## DATA SEGMENT

☆ ☆ ☆ ☆ ☆ ☆ ☆

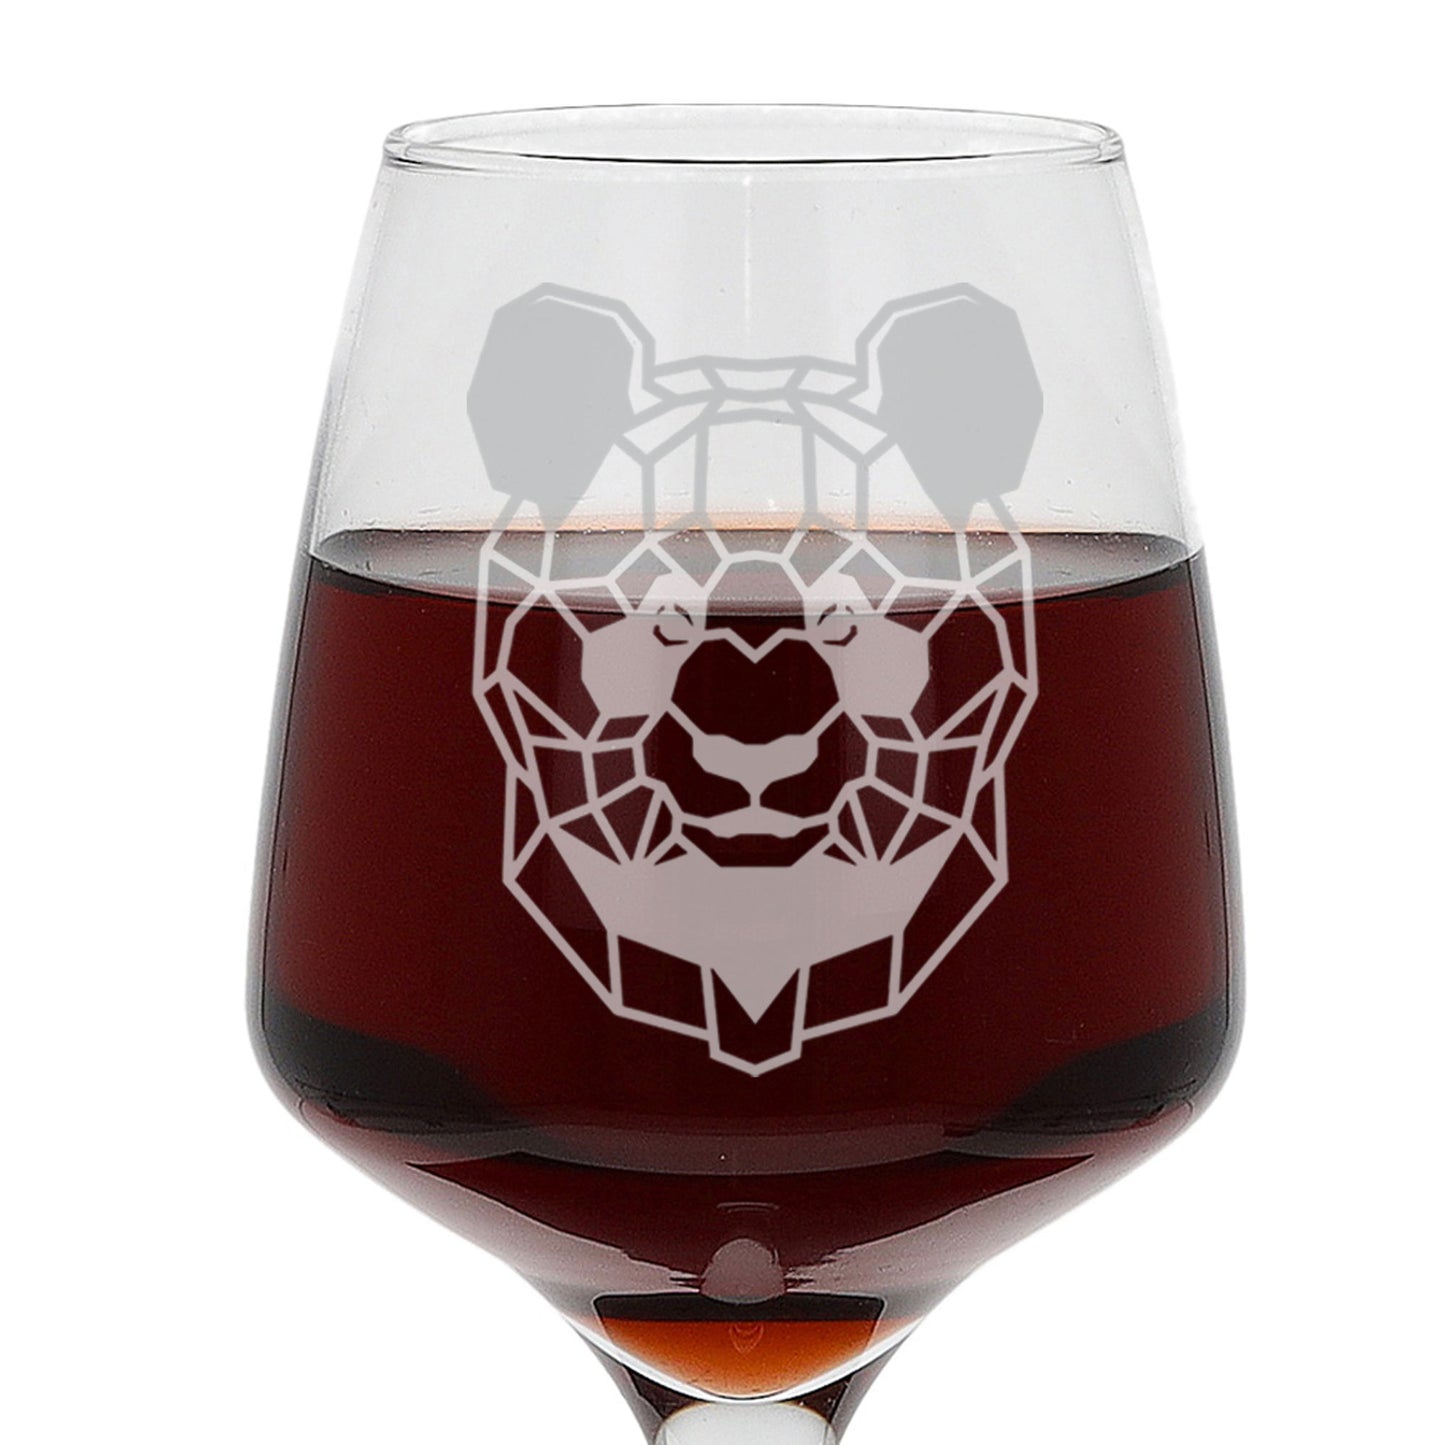 Panda Engraved Wine Glass  - Always Looking Good -   
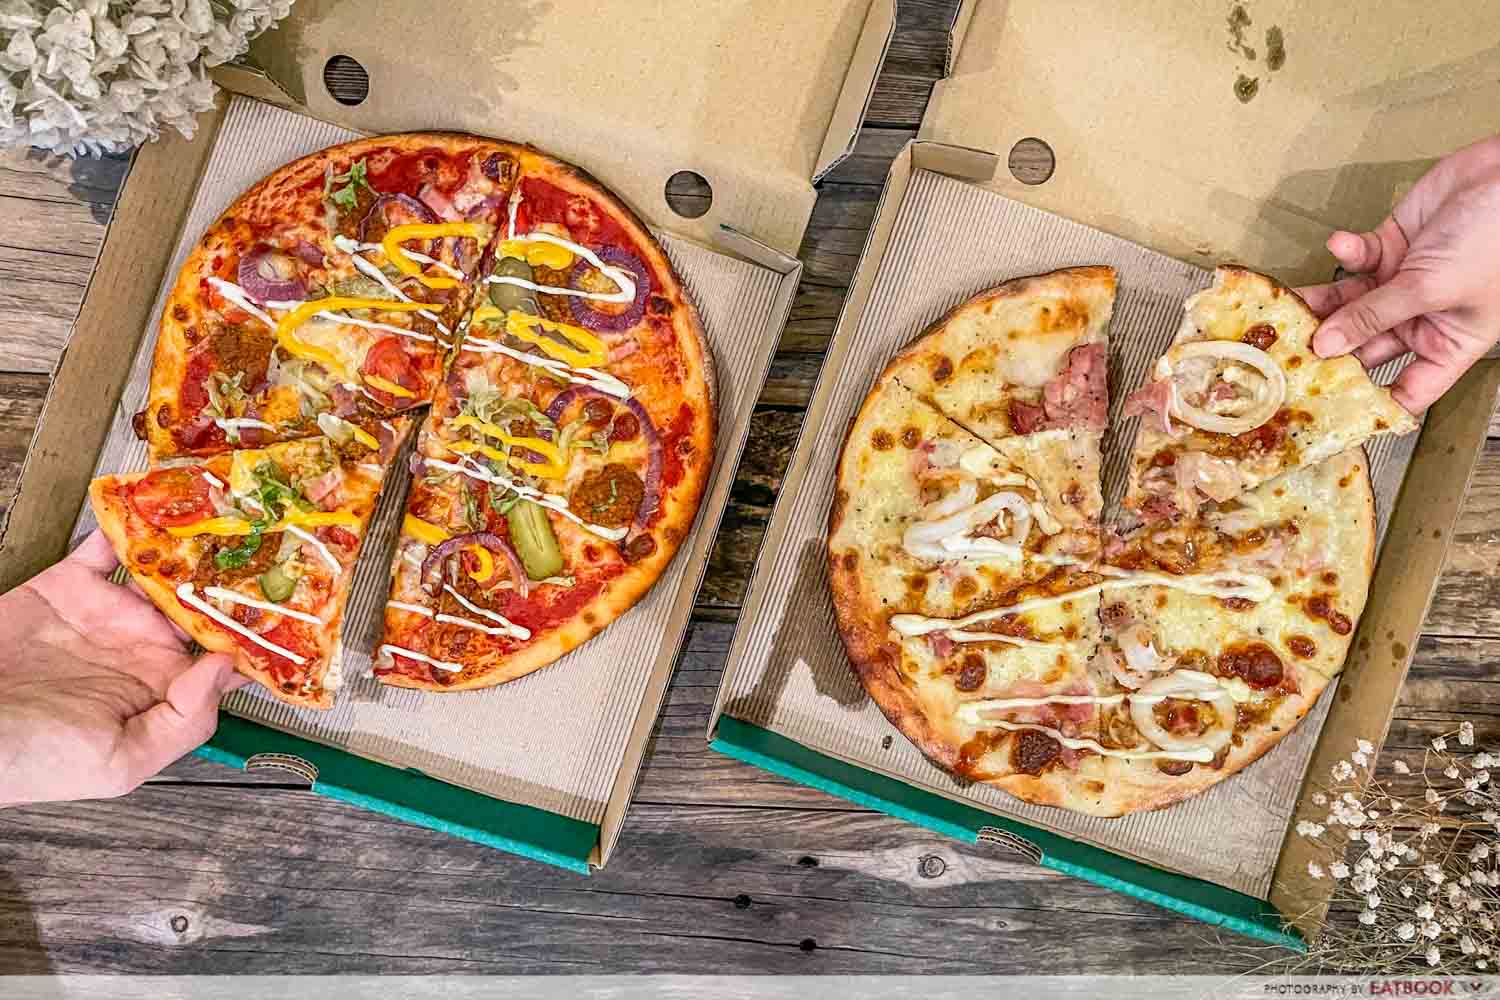 new restaurants june 2021 - pizzaexpress
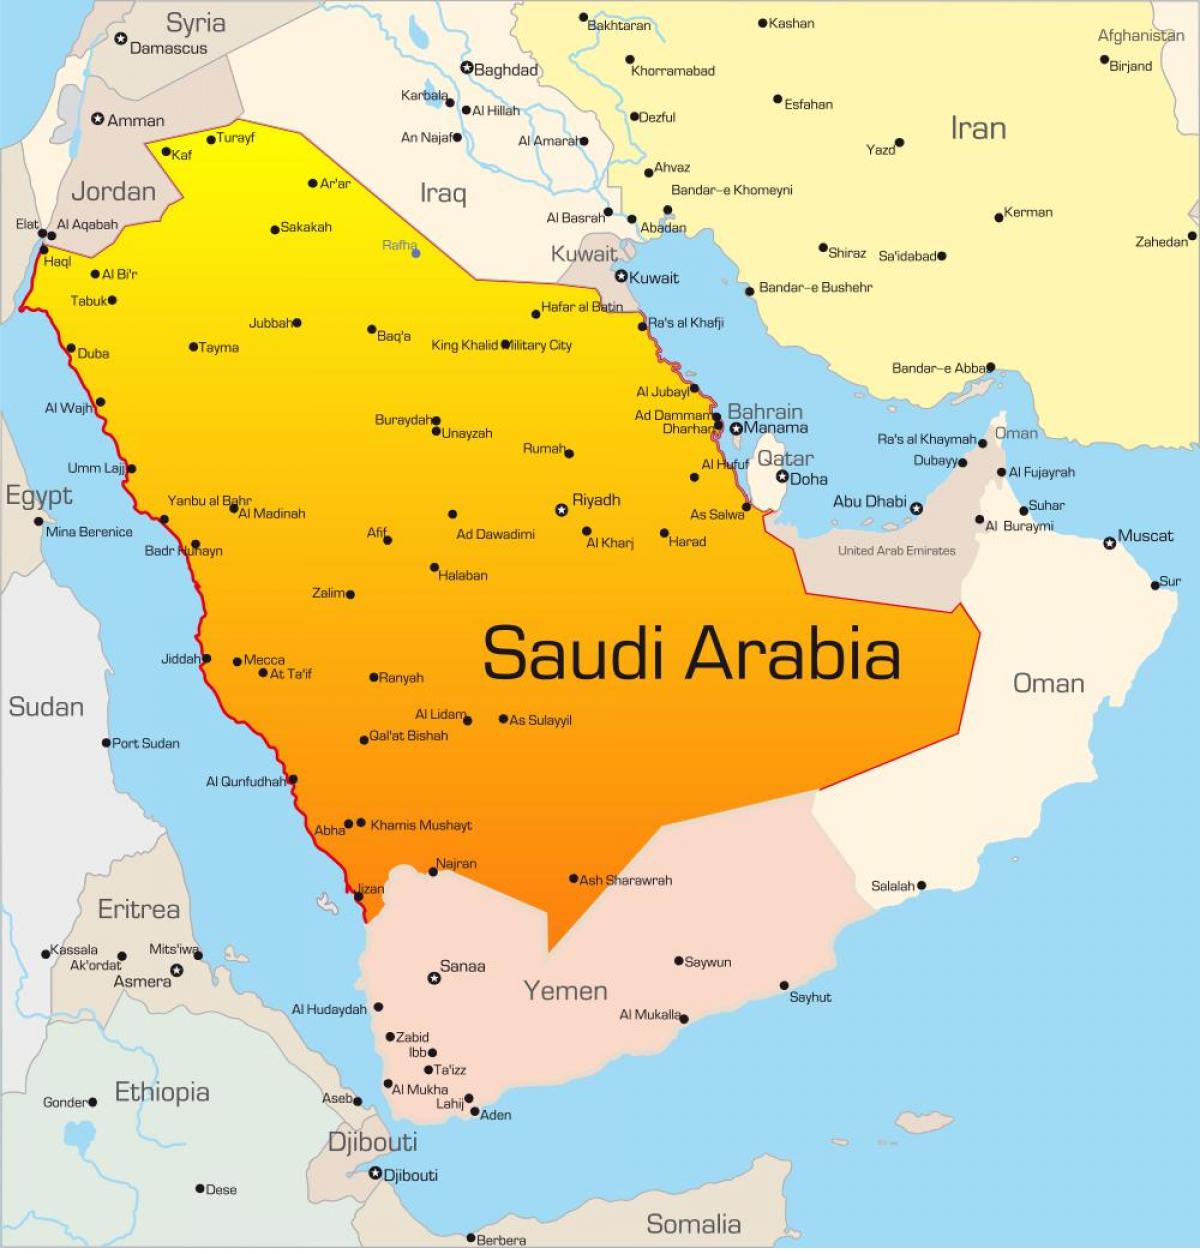 मक्का सऊदी अरब के नक्शे

☆ ☆ ☆ ☆ ☆ ☆ ☆

## WHAT IS EXPECTED
Your task is to retype, exactly and only, the lines from the line holding "new restaurants june 2021 - pizzaexpress" through the final line of the data above, with both ends kept. Drop the pictures.

## ANSWER AREA
 new restaurants june 2021 - pizzaexpress
 मक्का सऊदी अरब के नक्शे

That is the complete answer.